Sure, these things are true… Master Data Governance does rely on compliance, and people indeed are more compliant if they’re on board with why we’re doing it.  And, I’m guessing that 9 out of 10 readers wouldn’t have made it this far if there wasn’t some element of executive sponsorship in place. 

Let’s hit on some hard, practical considerations when it comes to your Master Data.  Here are three avoidable mistakes that companies consistently make.

  1. They’re not measuring the right stuff… operationally.  As goes the old adage, “Begin with the end in mind.”  If you’re not measuring the stuff that actually helps you optimize operations across the full range of business domains, then there’s a good chance you’re not collecting the right data.  If you’re not collecting the right data, then does it really matter how clean it is?

This is not “data for data’s sake.”  There is an ongoing cost to reliable master data.  While it would be nice (and perhaps one day feasible) to collect everything, that’s far from practical for most businesses.  For a metric to have business value, it must be timely, reliable (in that it’s hard to “cheat”), and informative.  The right metrics go a long way to defining the policies and processes more generally associated with the discipline of Master Data Governance.

  1. They don’t systematically triage their data points.  Every data point has a cost.  As goes the old adage, “Let the hopeless die first.”  Yes, the cost of storage, retrieval, processing and other computational tasks is at an all-time low.  But, the cost of eliciting personnel compliance is at an all-time high.  If you need to remind yourself of the true cost of eliciting compliance, think about trying to get your salespeople to update CRM correctly.

Systematic triage tells us where to focus what level of effort.  If it’s easy to collect and of high value – new bookings for example – collect it and ensure it’s bulletproof. 

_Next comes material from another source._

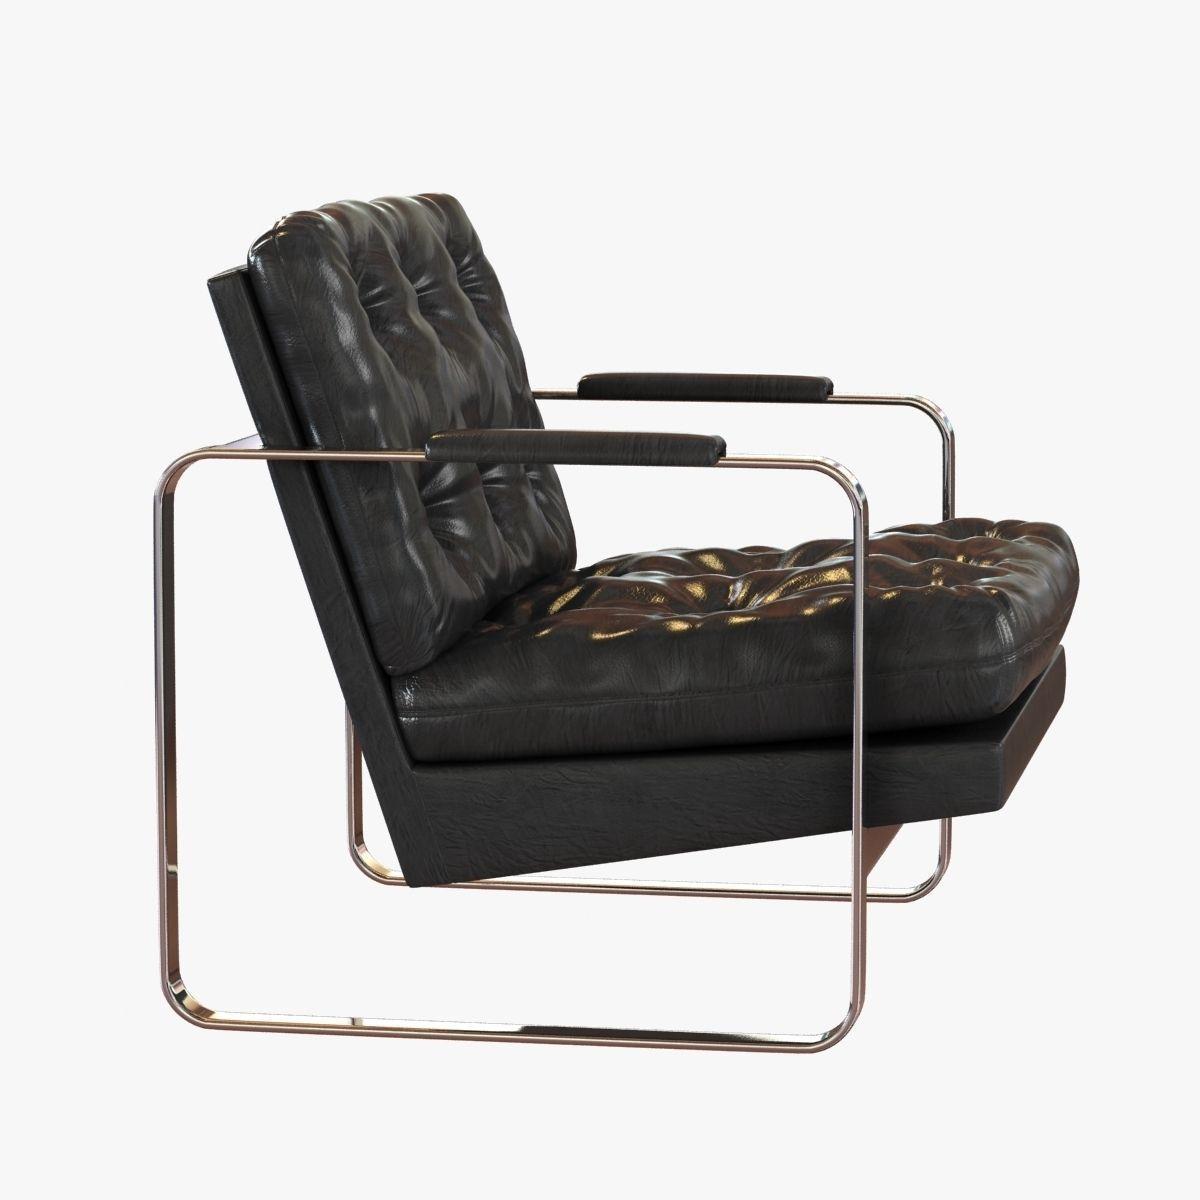 ... Milo Baughman For Thayer Coggin Lounge Chairs 3d Model Max Obj 3ds Fbx  Mtl Unitypackage 3 ...

If it’s more costly to collect and consume, but is of high value, consider some amount of pre-processing in order to minimize the cost of consumption.  An example of this would be one of my favorite metrics: what % of our deals in stage W converted to stage X within timespan Y during period Z?  I won’t go into why this metric is so valuable (much of its value lies in its reliability), but it turns out to be one of the more difficult metrics for which to collect data.  I have found that the best time to prepare such data for consumption is close to the point of collection – waiting until you need to compile it for the monthly ops review only increases the cost of consumption. 

  1. They look at each information technology system in isolationAs goes the old adage, “Can’t see the forest for the bark.”  Multiple systems will carry the same data point.  For example, your customer’s address is likely to exist in your CRM as well as your ERP.  Not only does sound Master Data Governance suggest that these two systems should agree, but we may find that one system is more likely than the other to be reliable.  We may find that the cost of collection is lower for one system than it is for the other.  Relative reliably and relative cost of collection is going to drive decisions on both policy and whether and how to automate Master Data Governance-related functions.

While these are all common mistakes, avoiding them goes a long way towards the hard work of developing sound Master Data Governance policies that intelligently trade off compliance with standard operating procedures with automation.